Wittgenstein has already made it clear with the broom/broomstick-brush case that he thinks there are problems with the idea of a final analysis, and he has discussed exactness in the course of discussing games.
§90

Our investigation (the Wittgensteinian conception of philosophy/the investigation into the concept of time) is not directed at phenomena (the things we experience in the world) - it isn't empirical. What we do is call to mind "the kinds of statement that we make about phenomena".
The query about time and other philosophical problems are grammatical (Wittgenstein is using the term 'grammar/grammatical' is a slightly idiosyncratic way here). We clear away/dissolve problems by exposing misleading analogies (is the misleading analogy in this case thinking of time as analogous to space? - We talk about something taking a certain length of time, etc.) - or by substituting one form of expression for another. Is Wittgensteinian philosophy 'conceptual analysis'? - Not really, although sometimes the procedure of substituting one form of expression for another resembles taking a thing apart (Wittgenstein clearly rejects the kind of analysis engaged in by the likes of Russell).
§89

So (following from §88) to think that logical formulations might make language perfectly exact is peculiar. What goal do you have in mind? Our language as we use it may well be fit for purpose even if we can imagine someone not understanding us or a situation in which what we say is not sufficiently exact.
Wittgenstein here gives a quote from Augustine, "what, then, is time? I know well enough what it is, provided that nobody asks me; but if I am asked what it is and try to explain, I am baffled." Wittgenstein suggests that what one has to do if one is baffled in this way is to call it to mind. He suggests that the confusion here is conceptual - not empirical (it's a confusion about the use of the word 'time' or of temporal concepts more generally).
This 'philosophical' question about time can be answered by considering something that is in plain view (the correct use of the word 'time' and of related temporal concepts).
Is it worth thinking about this in relation to the earlier remark about knowing and saying (§78)? Being able to explain time is not like being able to say how high Mont Blanc is.
Is the problem thinking that 'time' refers to some object (or that it refers to a concatenation of objects upon analysis)? I assume that Wittgenstein thinks that 'what is time?' is an ill-formed question.
§88

There is no single ideal of exactness. Exactness is relative to your goal and to the kind of thing under consideration. That which is inexact in some sense is not necessarily unusable or not fit for purpose.
§87

Words like 'red', 'dark', and 'sweet' are not 'indefinables' (the 'simple ideas' of the classical empiricists).

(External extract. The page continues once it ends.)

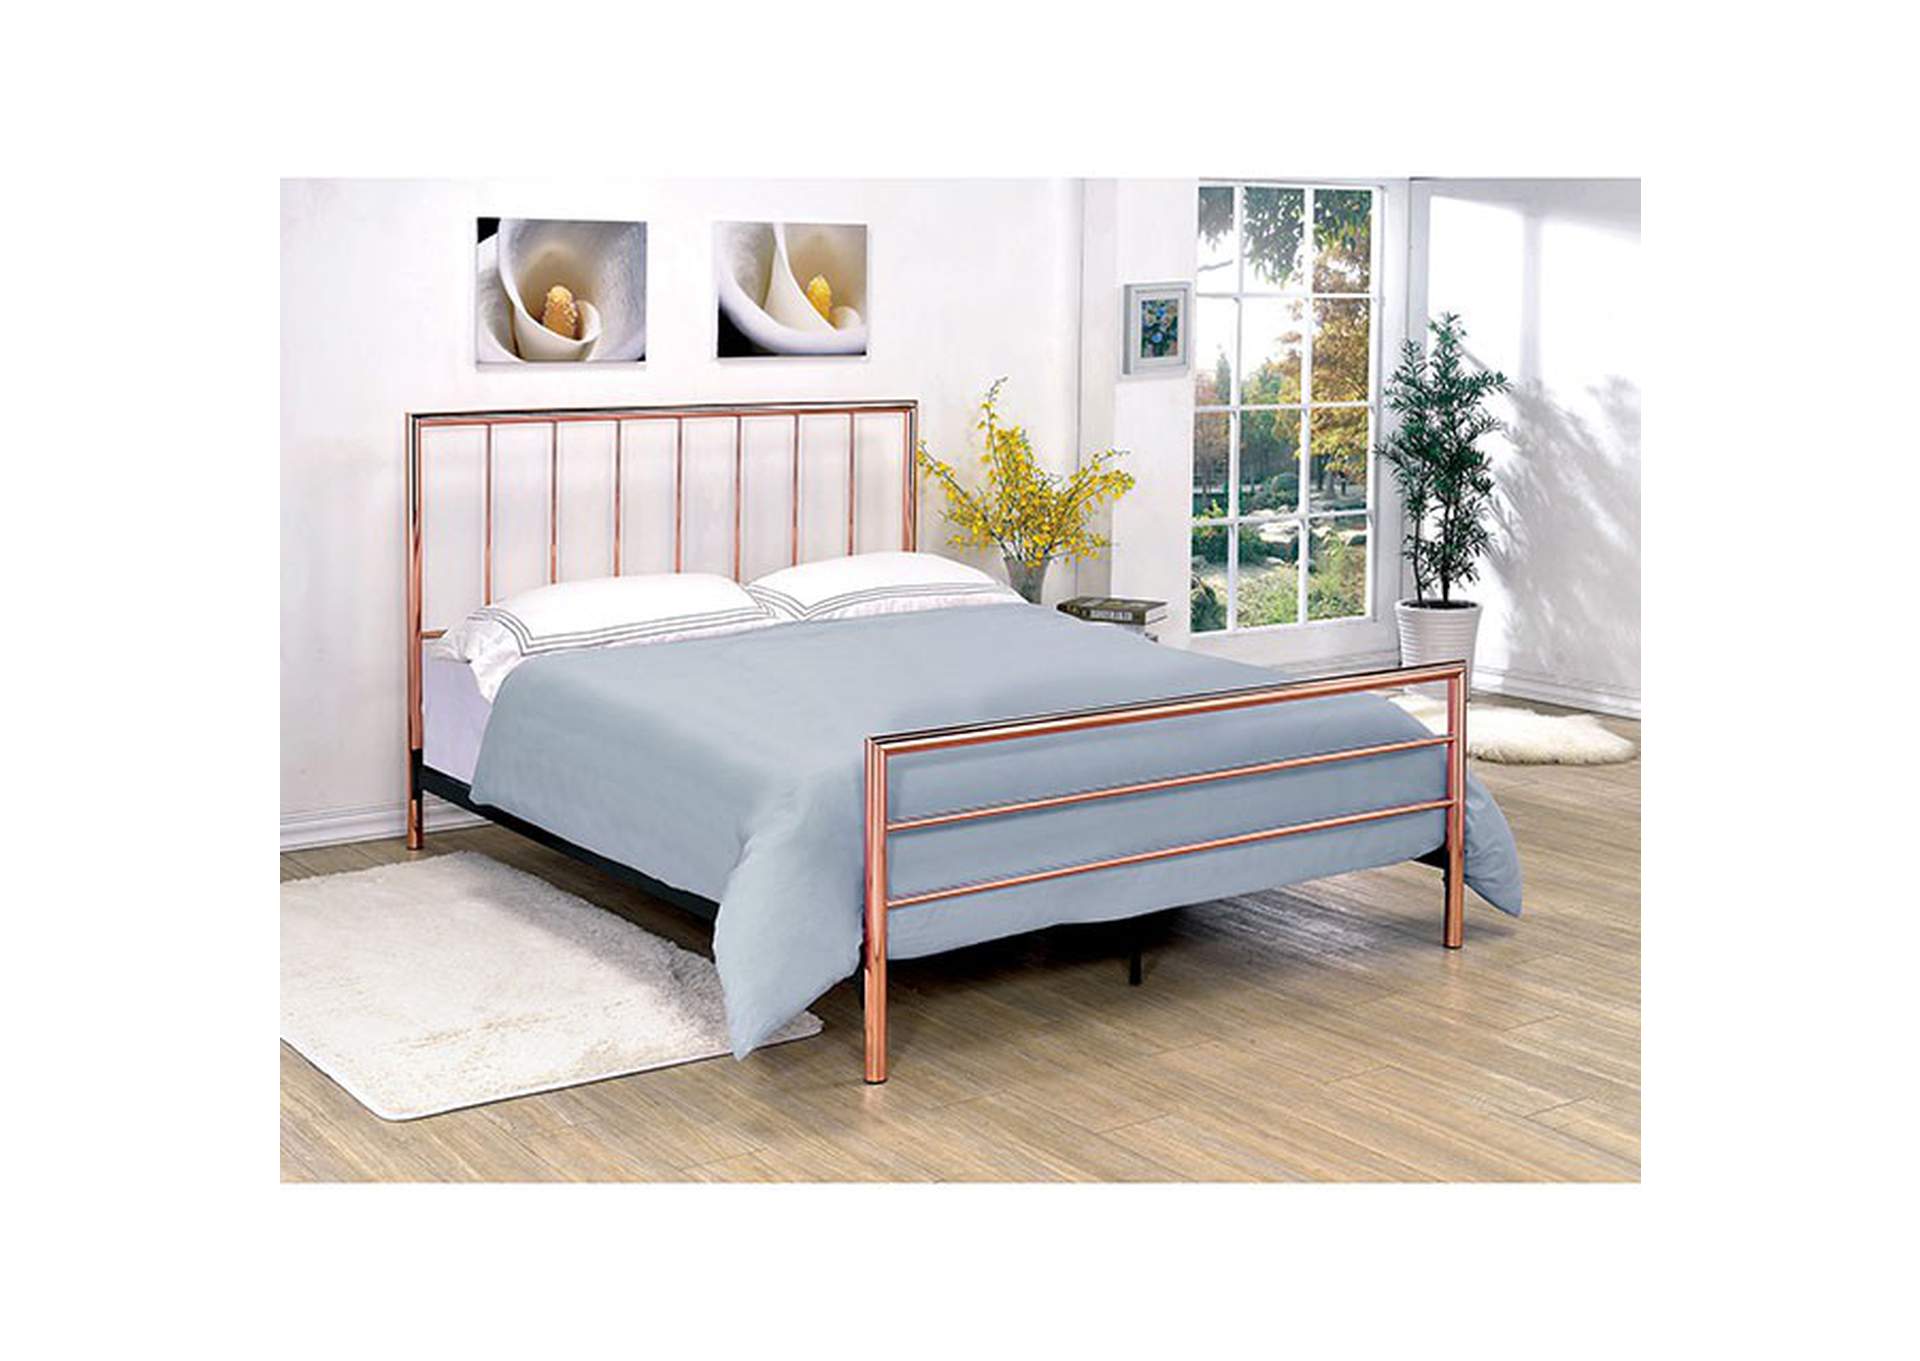 Diana Queen Bed K Custom Furniture, Diana Queen Upholstered Bed

Re: Moses: In §79 Wittgenstein suggested that "Moses did not exist" may mean various things (depending on which definite descriptions we 'lean upon'). But in §87 Wittgenstein suggests that I might specify what I mean (to remove doubts about what I mean) - I could say, "I take 'Moses' to mean the man, if there was such a man, who led the Israelites out of Egypt, whatever he was called then and whatever else he might have done". But, having removed this doubt, further explanations might be needed (about what 'Egypt' means, about who the Israelites are, and so on). Does this mean explanations are to go on forever to remove all doubts? - No. Explanations could be used to remove misunderstandings but we need not go on giving explanations unless we require one to avoid misunderstanding. - We don't need explanations to remove every misunderstanding imaginable.

Explanation of meaning = rule for the use (a use) of a word.

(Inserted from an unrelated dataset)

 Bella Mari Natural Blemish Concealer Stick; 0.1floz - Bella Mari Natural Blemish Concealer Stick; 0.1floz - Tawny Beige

Wittgenstein is not a sceptic. Something like a signpost or a rule is perfectly in order ('complete') as long as it fulfils its purpose.
§86

Wittgenstein asks us to imagine the language game of §2 (the block/slab language) but with a chart. A gives B written signs ('block', 'slab') and B looks up the signs in a chart and finds a corresponding picture of a shape of a building stone.

B learns to look up the picture in the chart through training - by passing his finger from left to right (from sign to picture).

You could draw in arrows (to explain how you are to pass from sign to picture). But the chart was not incomplete without this schema of arrows.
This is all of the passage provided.